* TASK DETAILS:
Below are some records. Write out exactly their lines from the one with "London-Fashion-week-Festival-photocall-elisa-les-bons-tuyaux.jpg" through the one with "kit combin s", and leave the pictures behind.

* STORED DATA:
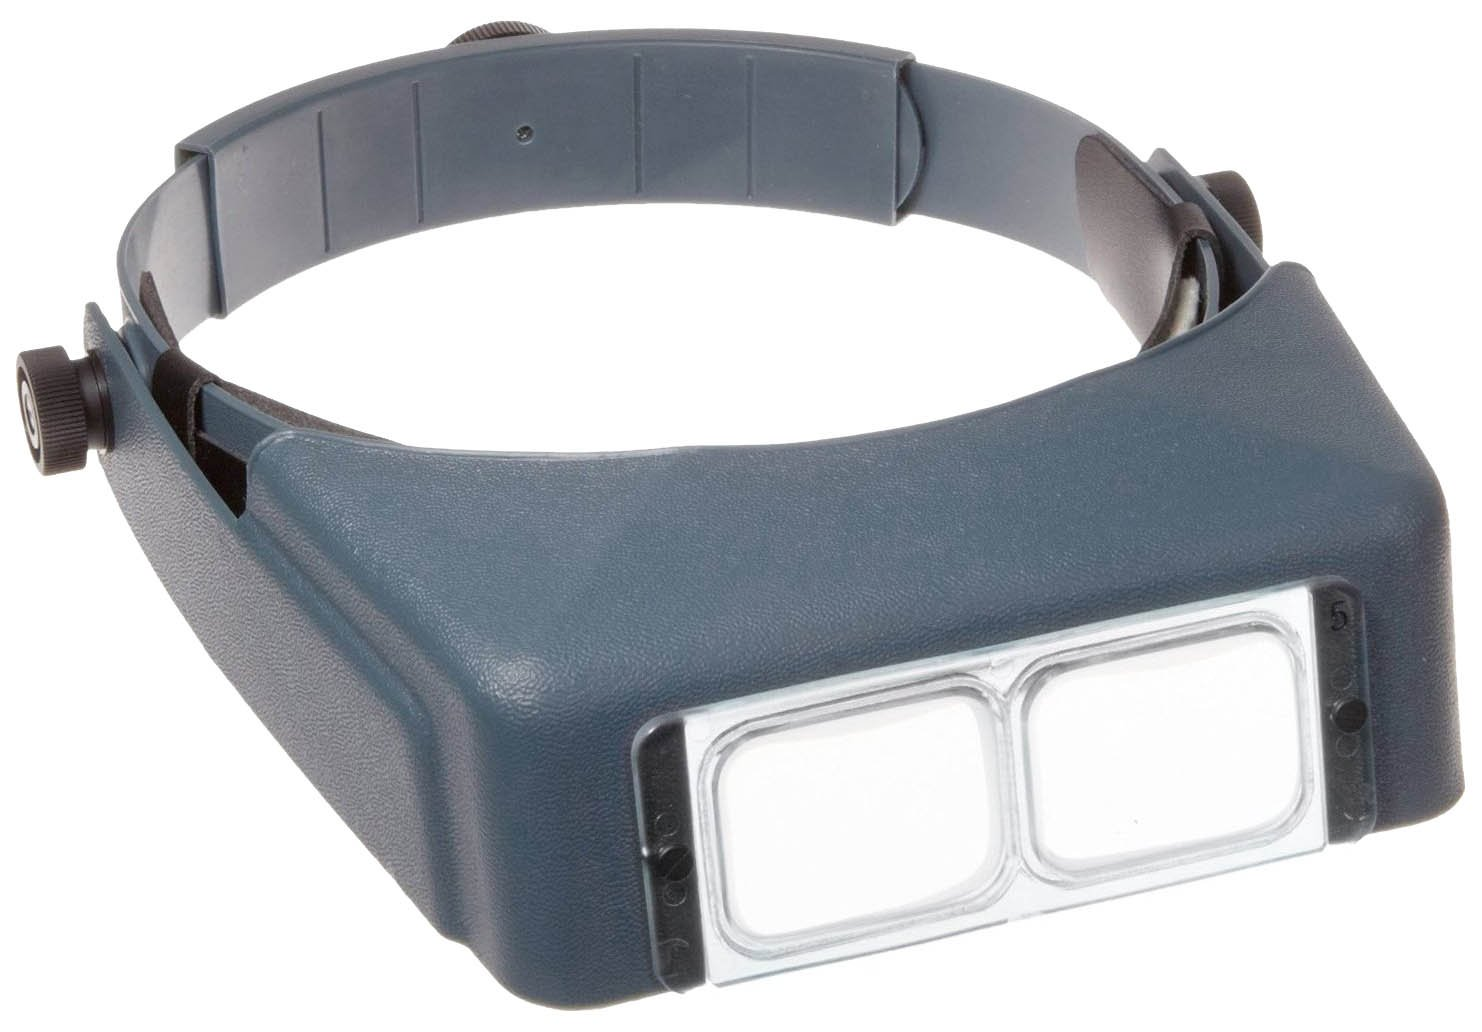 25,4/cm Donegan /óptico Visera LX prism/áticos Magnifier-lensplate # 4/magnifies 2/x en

--

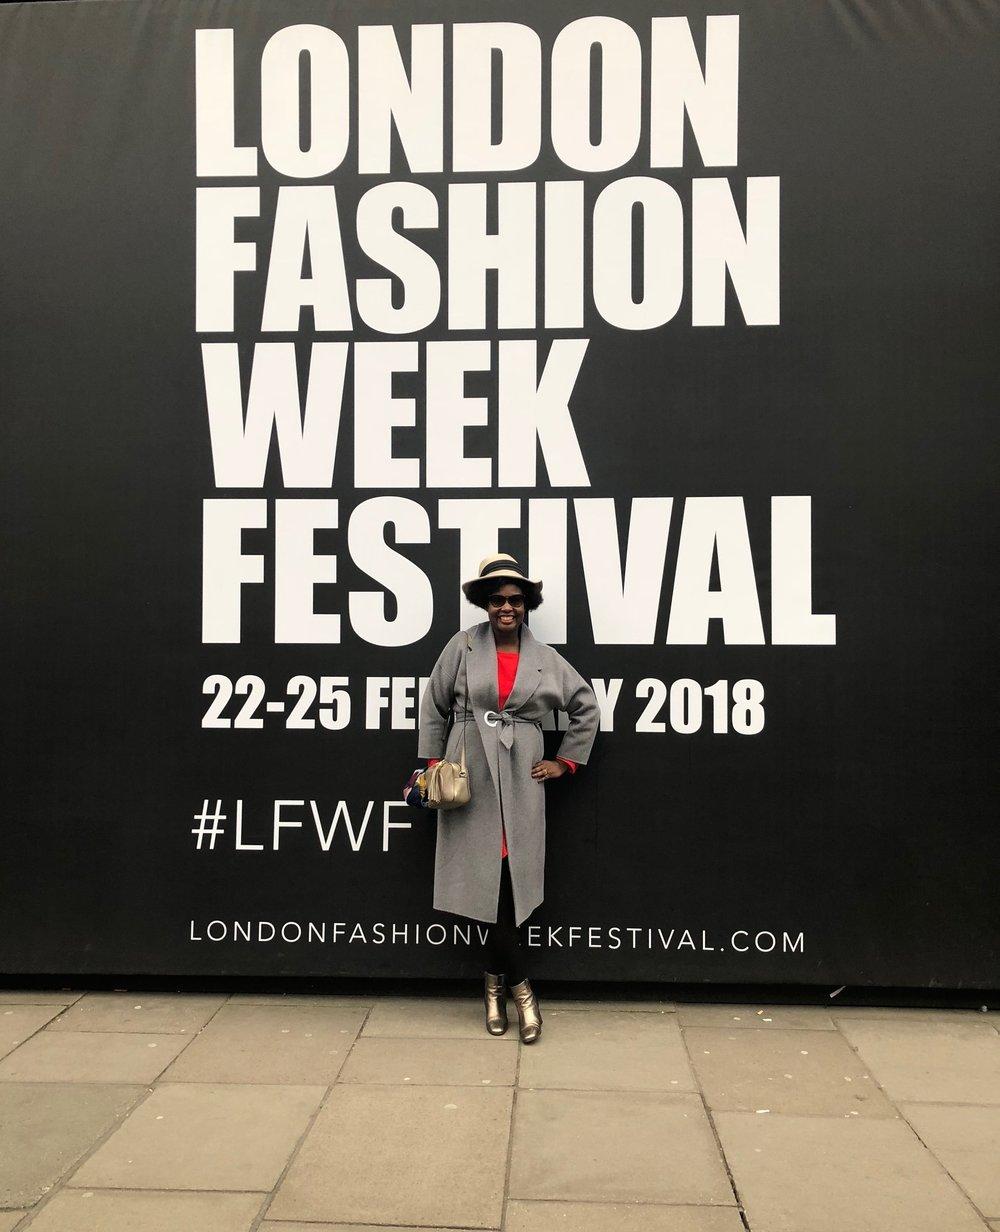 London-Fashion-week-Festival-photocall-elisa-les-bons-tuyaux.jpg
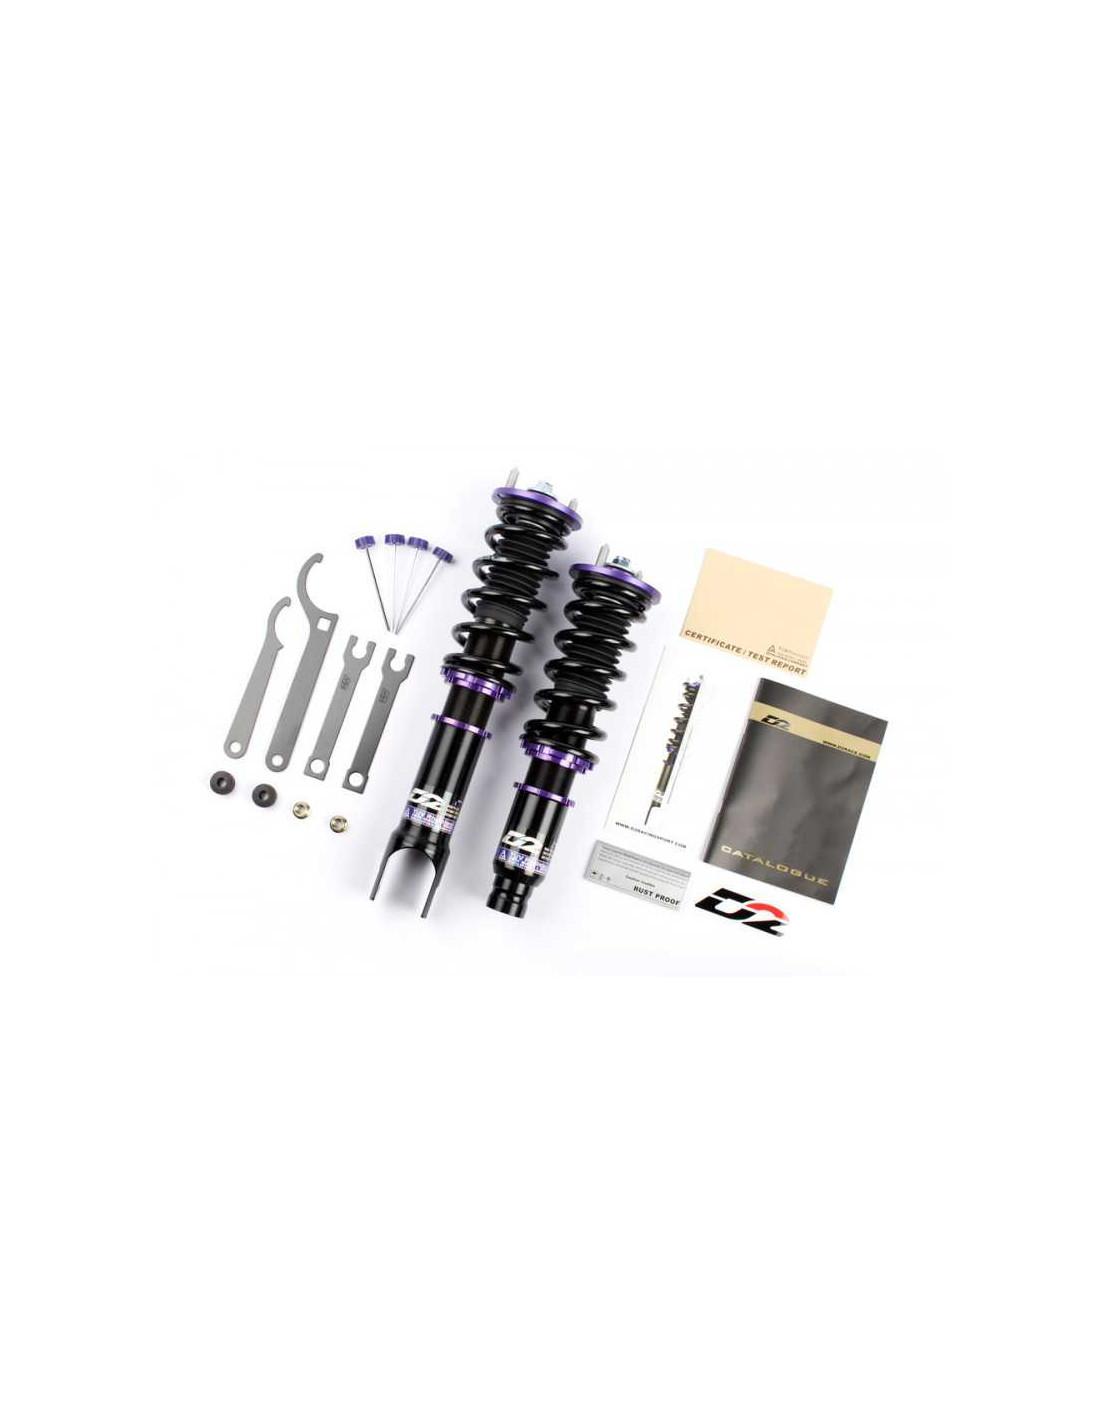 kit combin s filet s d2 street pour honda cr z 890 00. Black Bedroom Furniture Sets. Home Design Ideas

==

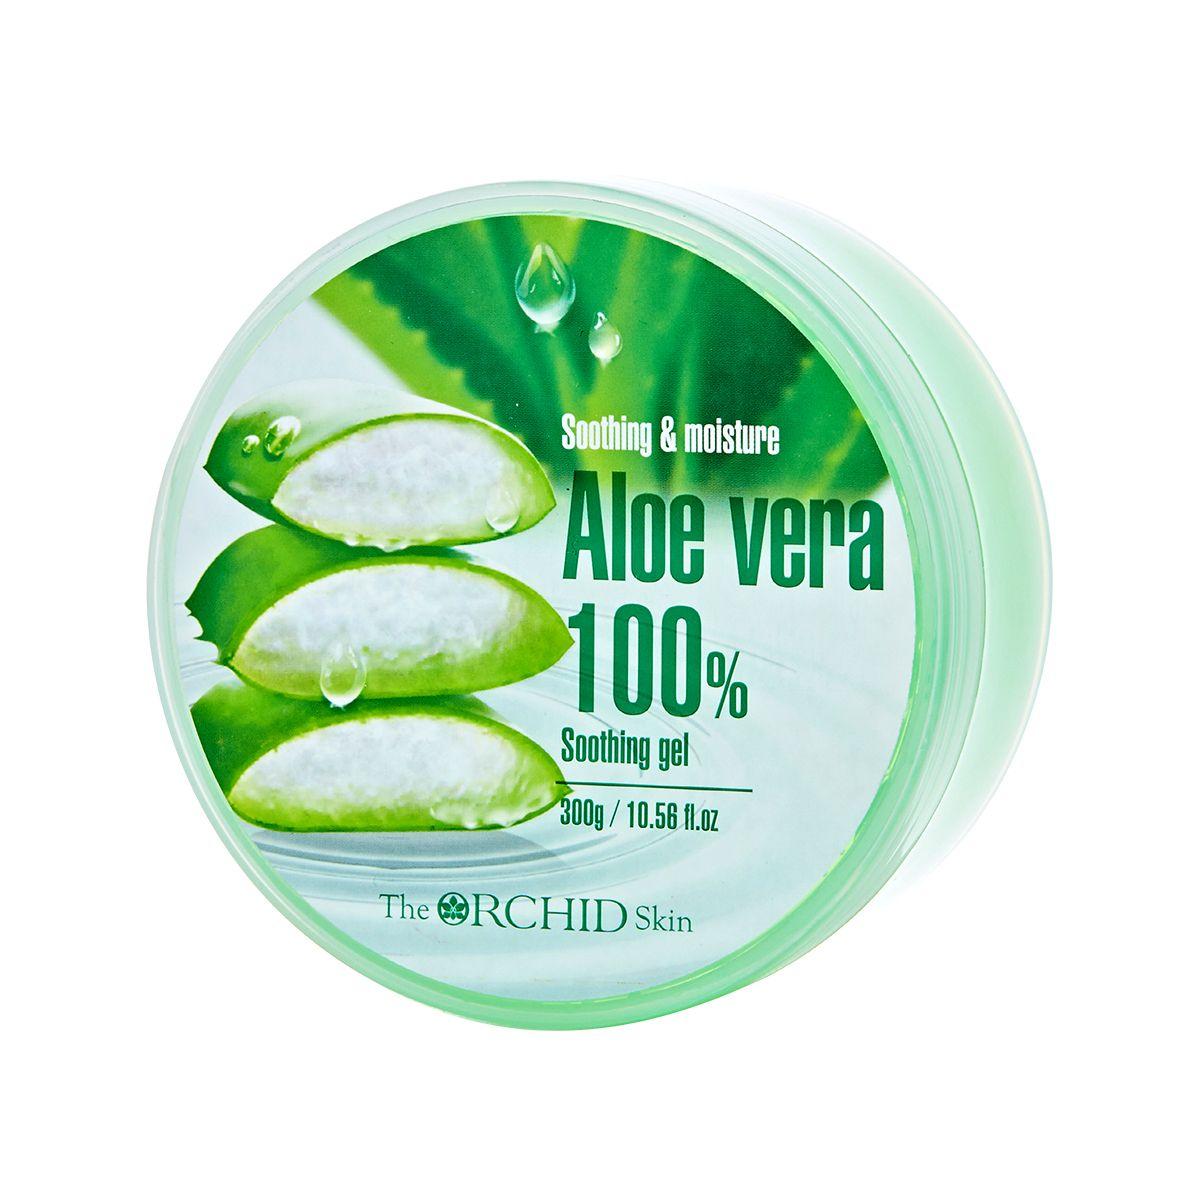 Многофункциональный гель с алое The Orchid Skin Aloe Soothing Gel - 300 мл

* FINISHED TASK:
 London-Fashion-week-Festival-photocall-elisa-les-bons-tuyaux.jpg
 kit combin s filet s d2 street pour honda cr z 890 00. Black Bedroom Furniture Sets. Home Design Ideas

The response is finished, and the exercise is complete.